Due fotografie, a distanza di dodici mesi. Due barconi identici, pieni di migranti. È la testimonianza che nulla è cambiato. Se vuole evitare nuove tragedie l’Europa non può continuare a far finta di non vedere

Giusto un anno fa, poco prima che un barcone della speranza si trasformasse nella bara di 366 eritrei e un altro colasse a picco trascinando in fondo al mare 260 profughi siriani, Massimo Sestini scattò una foto eccezionale che si conquistò la copertina dell’“Espresso”. L’immagine rifletteva tutta la tragedia che da anni si consuma uguale e terribile nel mare di Lampedusa: l’isola ormai vicina, l’imbarcazione è lasciata al suo destino dagli scafisti tornati alla base e pronti a ricominciare il loro cinico traffico di morte. A bordo uomini si stipano, donne stringono al petto il loro bambino. Un’odissea. Che però non si arresta. Anzi.
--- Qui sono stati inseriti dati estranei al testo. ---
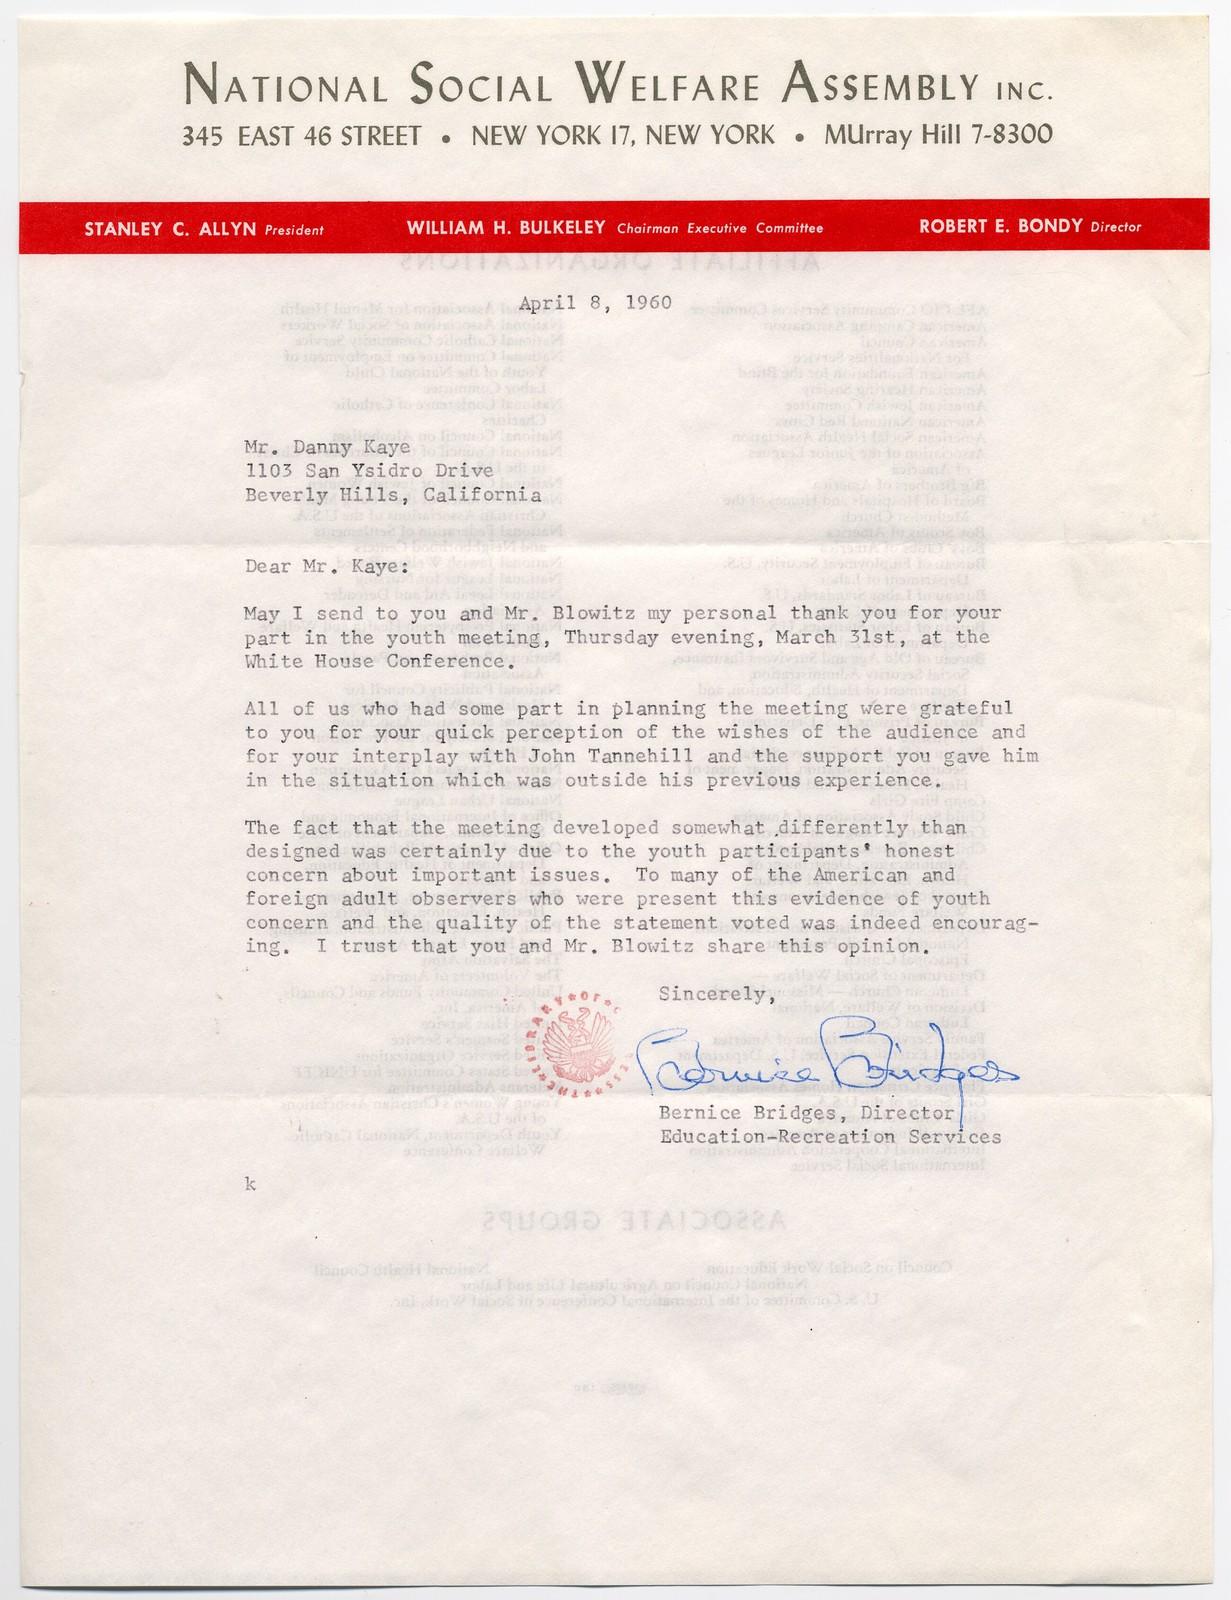 Bernice Bridges [of the National Social Welfare Assembly] to Danny Kaye, April 8, 1960
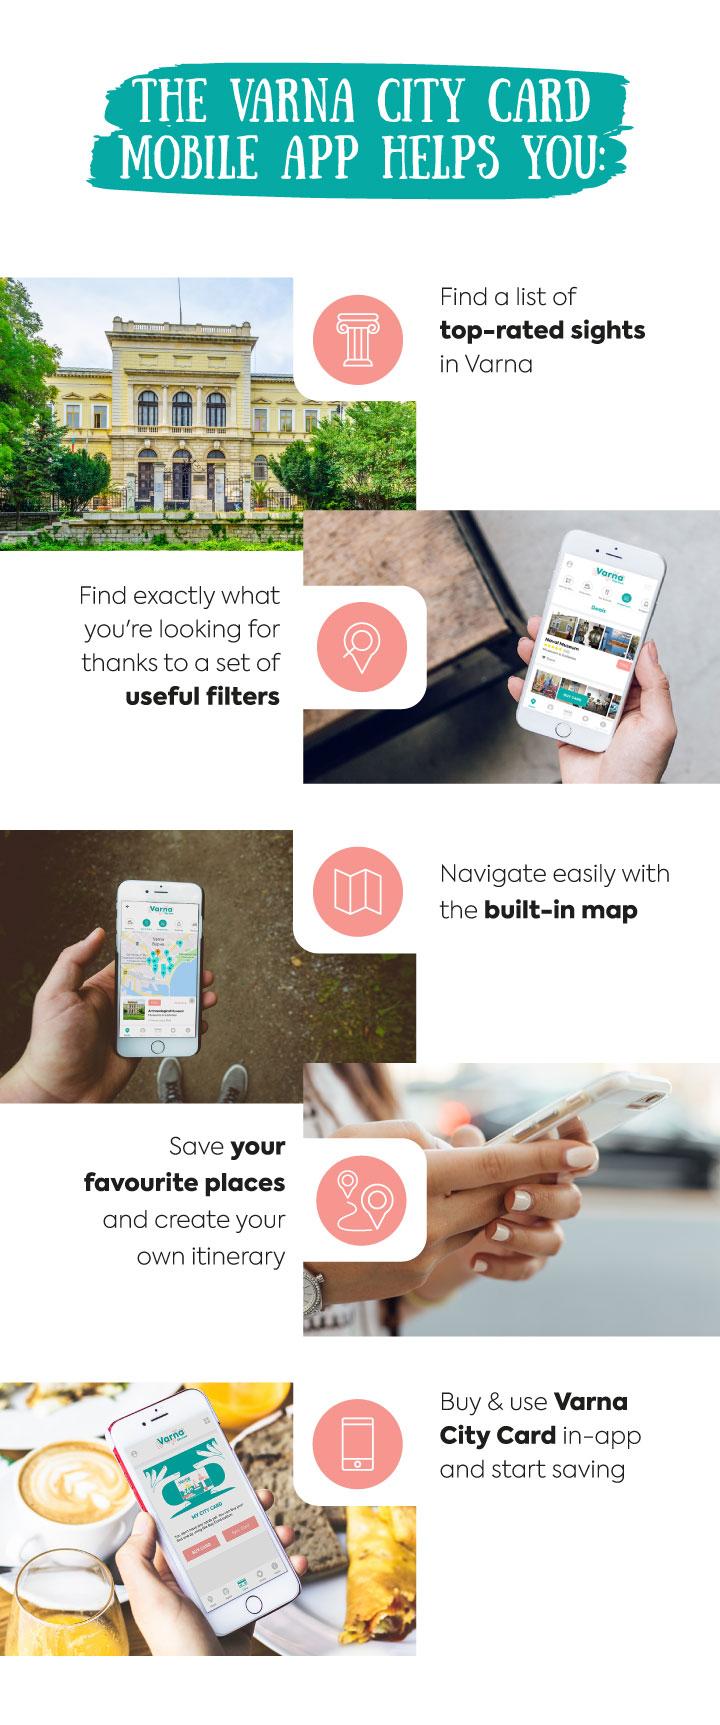 eng-free-varna-city-card-app-benefits

Nei giorni scorsi Sestini è tornato lì e dall’elicottero ha scattato ancora, inquadrando l’ennesimo barcone alla deriva. Sembra quello dell’anno prima, e purtroppo non lo è. È ancora più grosso, ancora più zeppo. Perché, nonostante i morti di allora, nulla è stato fatto, la vergogna si ripete, e i ragazzi di “Mare nostrum” continuano a correre in soccorso di uomini donne e bambini allo stremo delle forze: 65mila in sei mesi. E probabilmente, se non ci fossero stati domenica scorsa quei trenta migranti morti di soffocamento nella stiva di un peschereccio al largo di Pozzallo, Ragusa, un’indifferenza di comodo sarebbe tornata a coprire l’infinita tragedia di chi scappa dalla fame e dalla guerra.

Stavolta, poi c'è un'aggravante. Squisitamente politica. Mercoledì 2 luglio, in stridente coincidenza, Matteo Renzi pronunciava dinanzi al Parlamento di Strasburgo il discorso con il quale apriva ufficialmente i sei mesi di presidenza italiana del Consiglio d’Europa. Naturalmente dando spazio e attenzione alla tragedia dell’immigrazione. Non si può più fare finta di niente: la nuova Europa nata a fine maggio è chiamata alla sua prima importante sfida unitaria; l’Italia a dimostrare che finalmente conta nel club europeo.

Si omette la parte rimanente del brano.